Dla kogo? – Florysta powinien cechować się zmysłem artystycznym, cierpliwością, poczuciem estetyki i posiadać podstawową wiedzę na temat kompozycji. W tym zawodzie przyda się również zamiłowanie do kwiatów – mówi nam Stefania Czajka z kwiaciarni przy ul. Bocznej w Niedobczycach, gdzie w kwiaty zaopatrują się mieszkańcy osiedla Korfantego. Choć florystyka kojarzy się głównie z paniami, w tym zawodzie pracują również panowie.
Gdzie się wykształcić? Choć florystą można zostać nawet bez specjalistycznego wykształcenia, popularne są kursy zawodowe, trwające kilka miesięcy. Dla młodzieży istnieją również szkoły zawodowe o profilu forystycznym. Są także studia florystyczne, ale tam raczej nie nauczymy się układania kompozycji kwiatowych. Florystyka jako nauka to dział botaniki, który zajmuje się inwentaryzacją roślin. Aby być na bieżąco z trendami, floryści często biorą udział w targach i imprezach branżowych.
Zarobki? Choć trudno określić szacunkowy miesięczny dochód florysty, ludzie z branży zapewniają, że florysta o dobrej renomie z własną kwiaciarnią bez problemu może utrzymać rodzinę. Aby móc zatrudnić pracowników, najlepiej otworzyć sieć kwiaciarni.
Opinia społeczna? Floryści zazwyczaj są znani i cenieni w lokalnym środowisku, bo z ich usług korzysta się bardzo często. Kwiaty kupujemy na urodziny, ślub, rocznicę, pogrzeb oraz bez okazji.
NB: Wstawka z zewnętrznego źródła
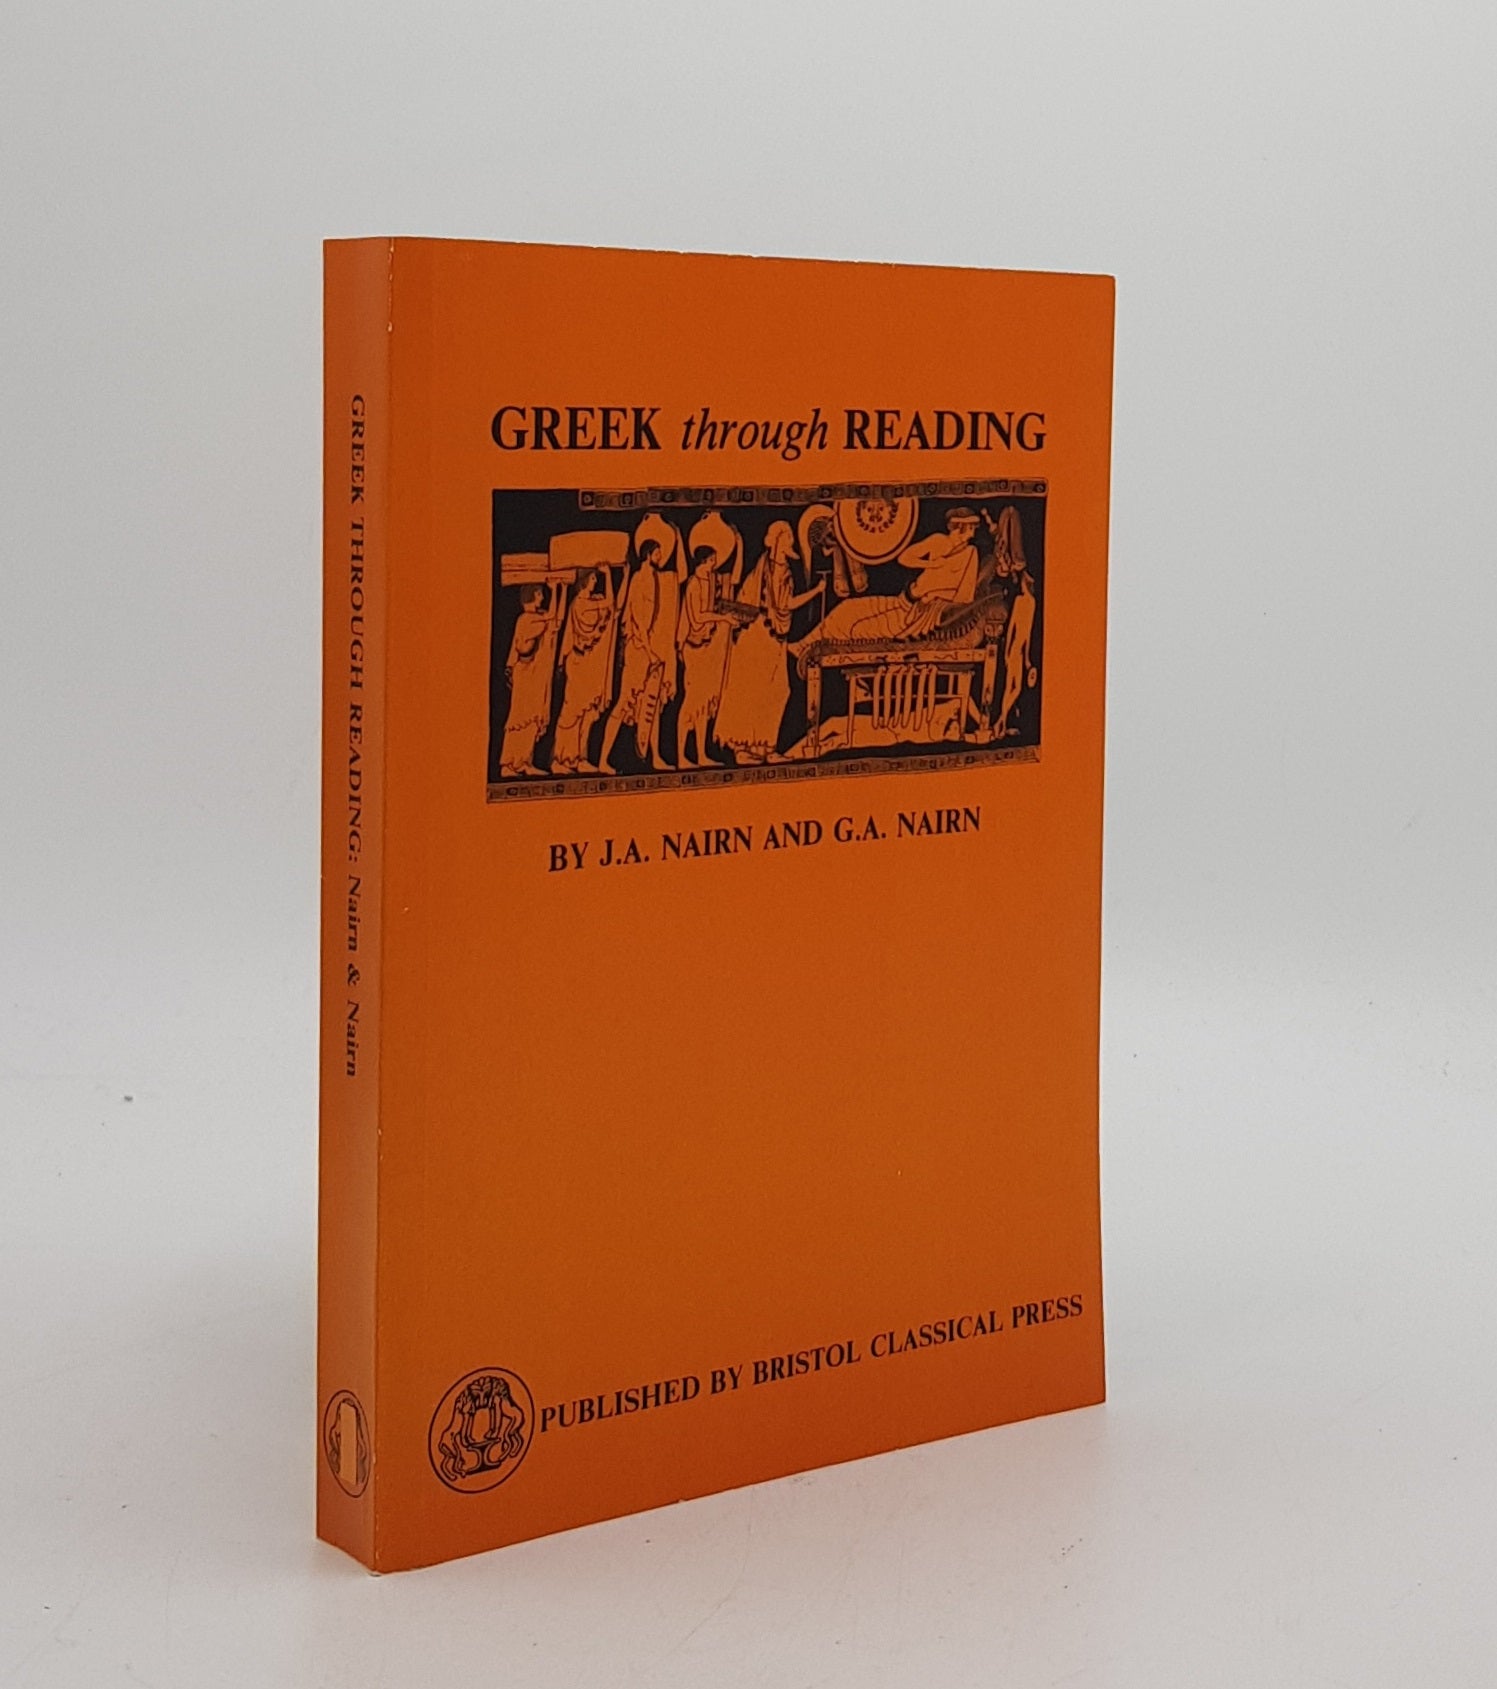 NAIRN J.A., NAIRN G.A. - Greek Through Reading

Rynek pracy? Choć kwiaty były, są i pewnie długo jeszcze będą cieszyć się popularnością, ich sprzedaż nieco się zmniejsza, co również nieco ogranicza dostępność pracy. Podczas, gdy jeszcze kilka lat temu nie do pomyślenia było uczestnictwo w uroczystości zaślubin bez kwiatów dla pary młodej, dzisiaj sporo par życzy sobie zamiast kwiatów np. kuponu totolotka czy maskotek dla dzieci.